Actually, it is pretty easy, and the solution arrives almost immediately.
A=[0 1/sqrt(3*n*m) 1/sqrt(3*n*m) 1/sqrt(3*n*m) 1/sqrt(3*n*m) 1/sqrt(3*n*m) 1/sqrt(3*n*m) 1/sqrt(3*n*m) 1/sqrt(3*n*m);...

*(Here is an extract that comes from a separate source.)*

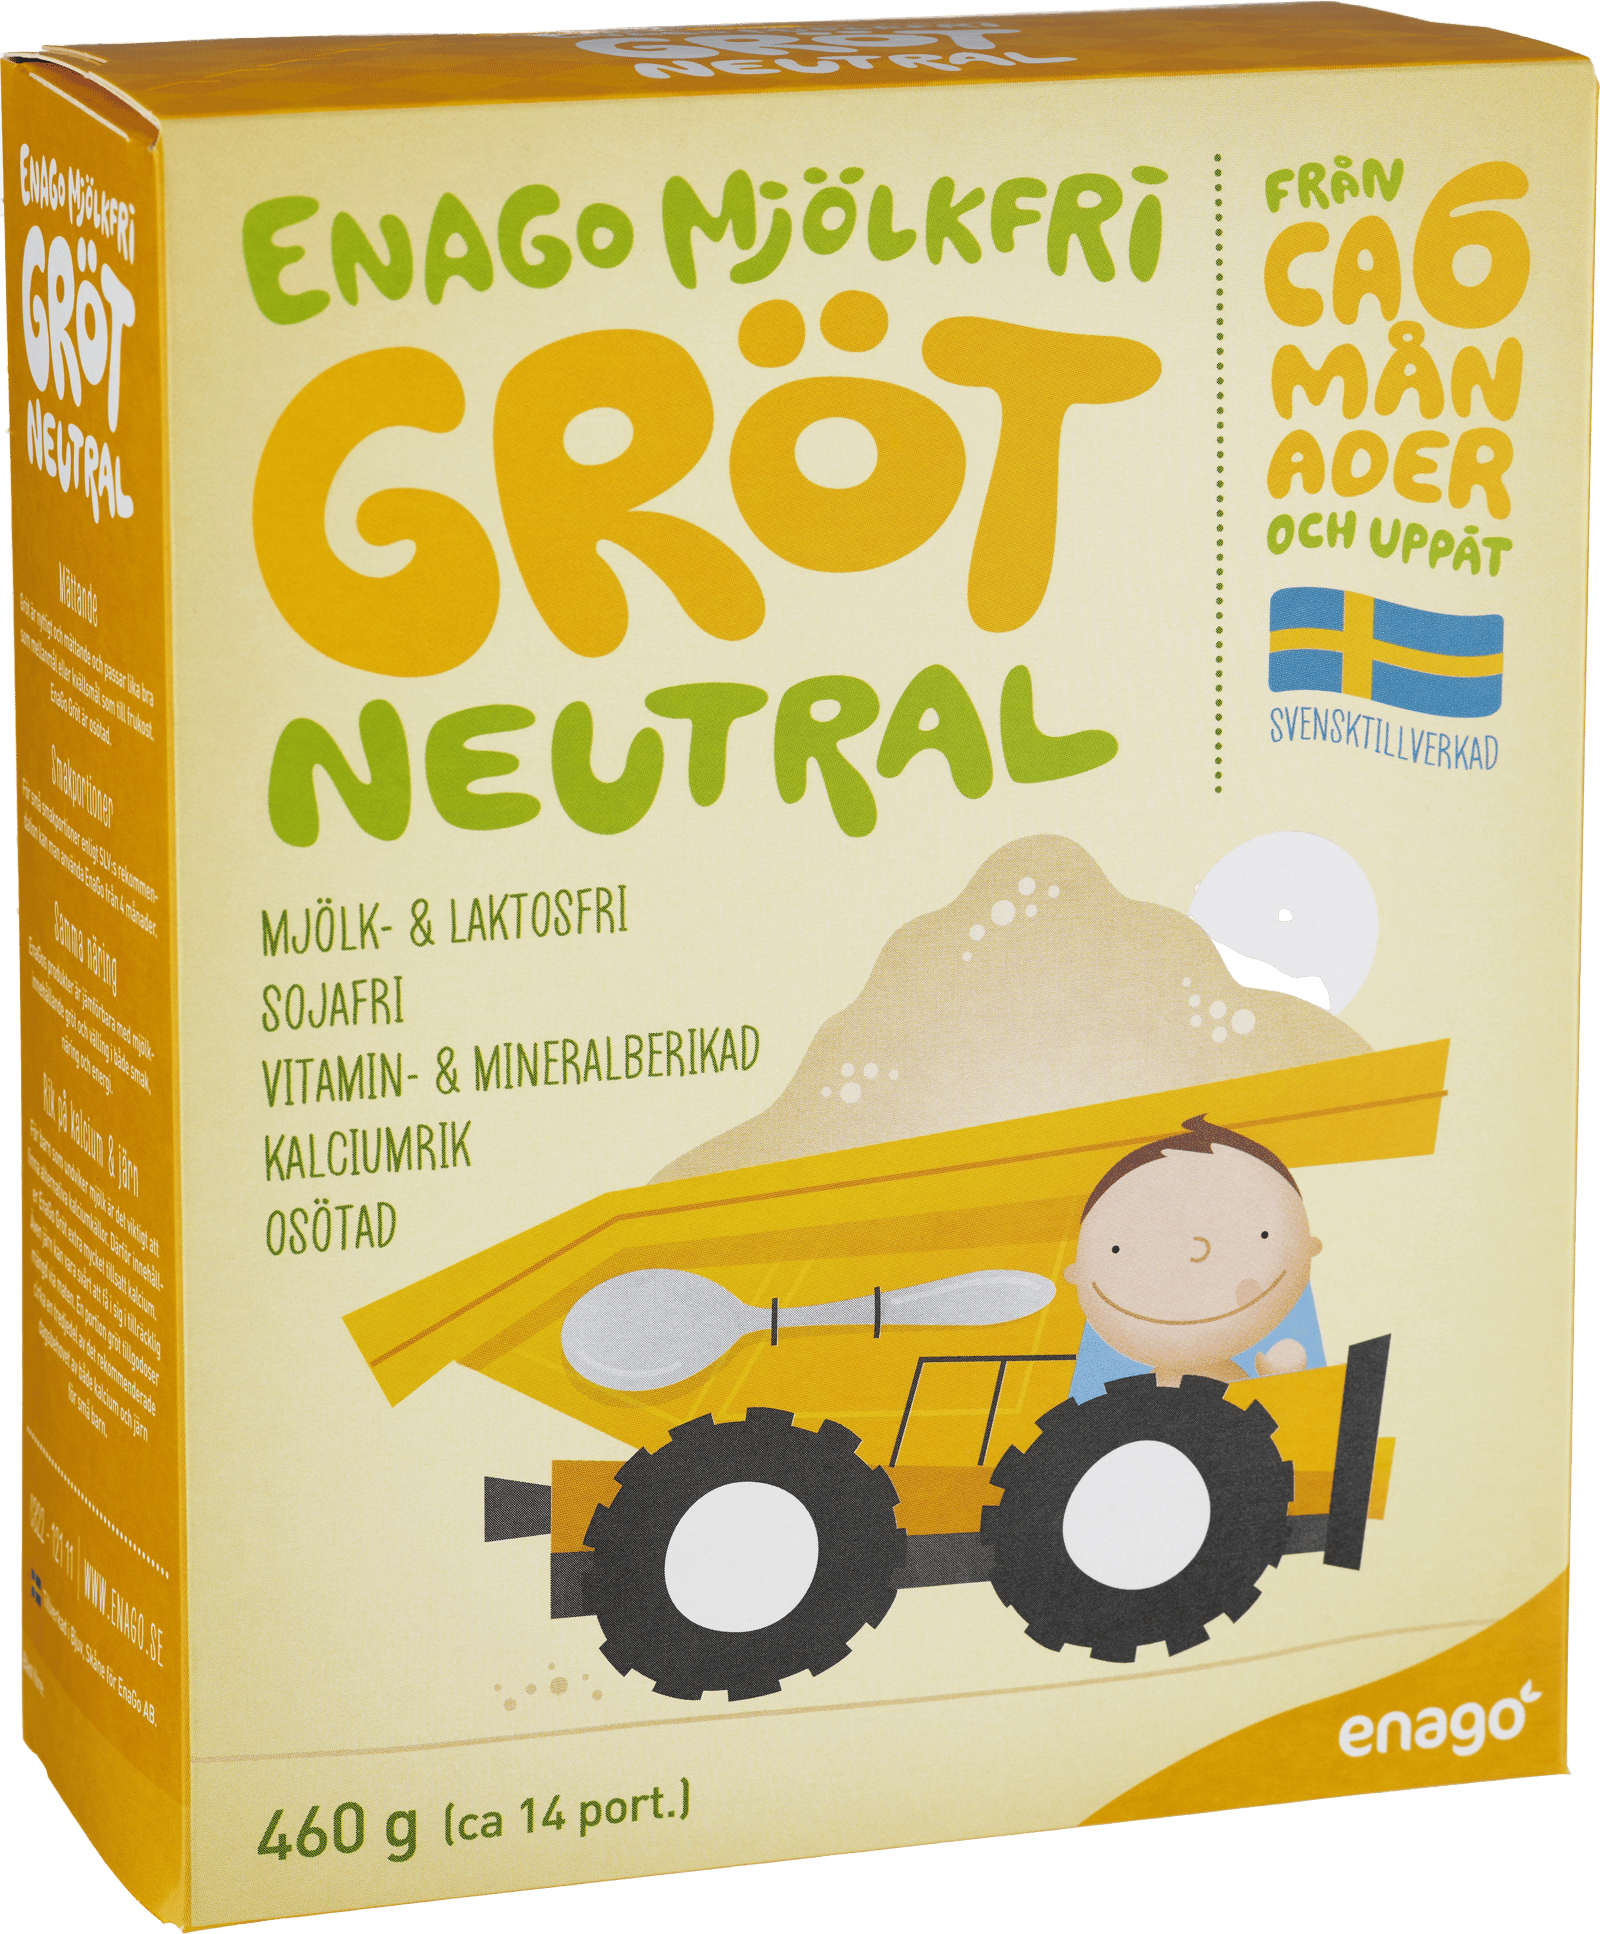 EnaGo Mjölkfri Gröt Neutral 460 g
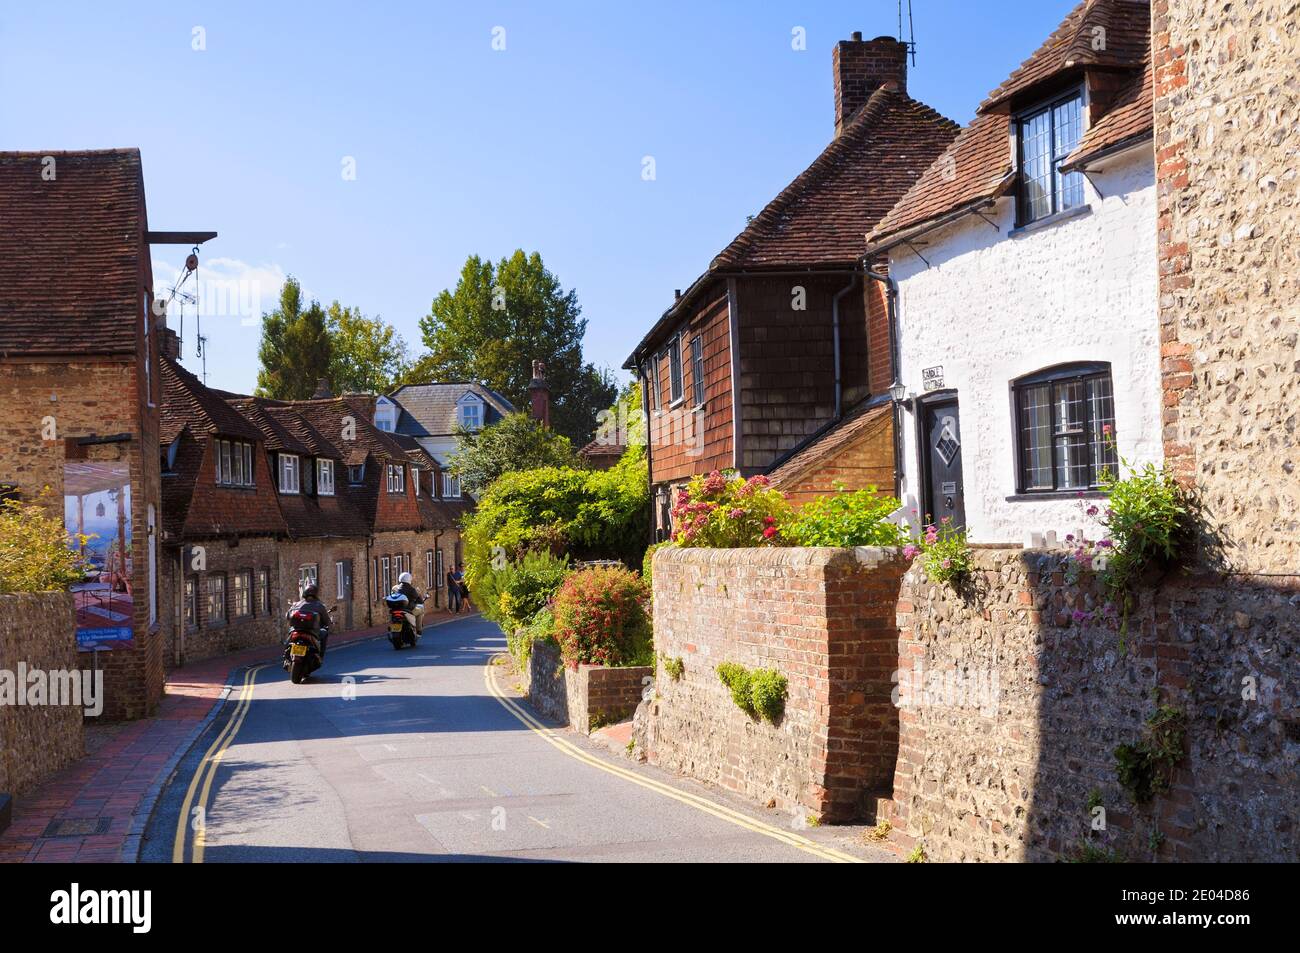 Charmants cottages d'époque sur la rue principale du village d'Alfriston, East Sussex, Angleterre, Royaume-Uni Banque D'Images

1/sqrt(3*n*m) 0 1/3 0 1/3 0 0 0 0;...
1/sqrt(3*n*m) 1/3 0 1/3 0 0 0 0 0;...
1/sqrt(3*n*m) 0 1/3 0 1/3 0 0 0 0;...
1/sqrt(3*n*m) 1/3 0 1/3 0 0 0 0 0;...
1/sqrt(3*n*m) 0 0 0 0 0 1/3 0 1/3;...
1/sqrt(3*n*m) 0 0 0 0 1/3 0 1/3 0;...
1/sqrt(3*n*m) 0 0 0 0 0 1/3 0 1/3;...
1/sqrt(3*n*m) 0 0 0 0 1/3 0 1/3 0];
First of all, this is not a problem where n and m enter independently. They always act together. We can arbitrarily substitute
u = 1/sqrt(3*n*m)
If a solution exists that we can find, then later on, substitute in the value for u. I'll even use v instead of 1/3 there, just to reduce my typing.
syms u
v = sym(1)/3;
A=[0 u u u u u u u u;...
u 0 v 0 v 0 0 0 0;...
u v 0 v 0 0 0 0 0;...
u 0 v 0 v 0 0 0 0;...
u v 0 v 0 0 0 0 0;...
u 0 0 0 0 0 v 0 v;...
u 0 0 0 0 v 0 v 0;...
u 0 0 0 0 0 v 0 v;...
u 0 0 0 0 v 0 v 0];
Now, the first question is, will we even be able to compute the eigenvalues of A analytically? That comes down to a rootfinding operation, on a degree 9 symbolic polynomial, with non-constant coefficients. I would immediately conjecture this will be difficult, since we know that is in general impossible for degree 5 polynomials or higher.
cp = charpoly(A)
cp =
[ 1, 0, - 8*u^2 - 8/9, -(16*u^2)/3, (32*u^2)/9 + 16/81, (64*u^2)/27, 0, 0, 0, 0]
Those are the coefficients, with the highest order term first. You can think of this as a polynomial in the unkown eigenvalue lambda.
The 4 zeros at the end mean we can factor out lambda^4. So there is an eigenvalue of multiplicity 4 at lambda==0. But that still leaves a degree 5 polynomial, so in general I still expect the problem to have no analytical solution.
syms lambda
reducedcp = sum(cp(1:6).*lambda.^(5:-1:0))
reducedcp =
lambda*((32*u^2)/9 + 16/81) - lambda^3*(8*u^2 + 8/9) + lambda^5 + (64*u^2)/27 - (16*lambda^2*u^2)/3
Can we solve it? Anything is possible, and sometimes we find an unexpectedly pleasant surprise.
EV = solve(reducedcp,lambda)
EV =
-2/3
-2/3
2/3
1/3 - (27*((32*u^2)/729 + 4/6561)^(1/2))/2
(27*((32*u^2)/729 + 4/6561)^(1/2))/2 + 1/3
Add on the multiplicity 4 eigenvalue at lambda==0, and we have the eigenvalues.
EV = [EV;zeros(4,1)]
EV =
-2/3
-2/3
2/3
1/3 - (27*((32*u^2)/729 + 4/6561)^(1/2))/2
(27*((32*u^2)/729 + 4/6561)^(1/2))/2 + 1/3
0
0
0
0
Now, you can even replace u with its value, in terms of n and m. As I said, the solution does not have m and n enter independently. They will always be together as a product.
Given the eigenvalues, now you can recover the associated eigenvectors. But you asked only for the eigenvalues.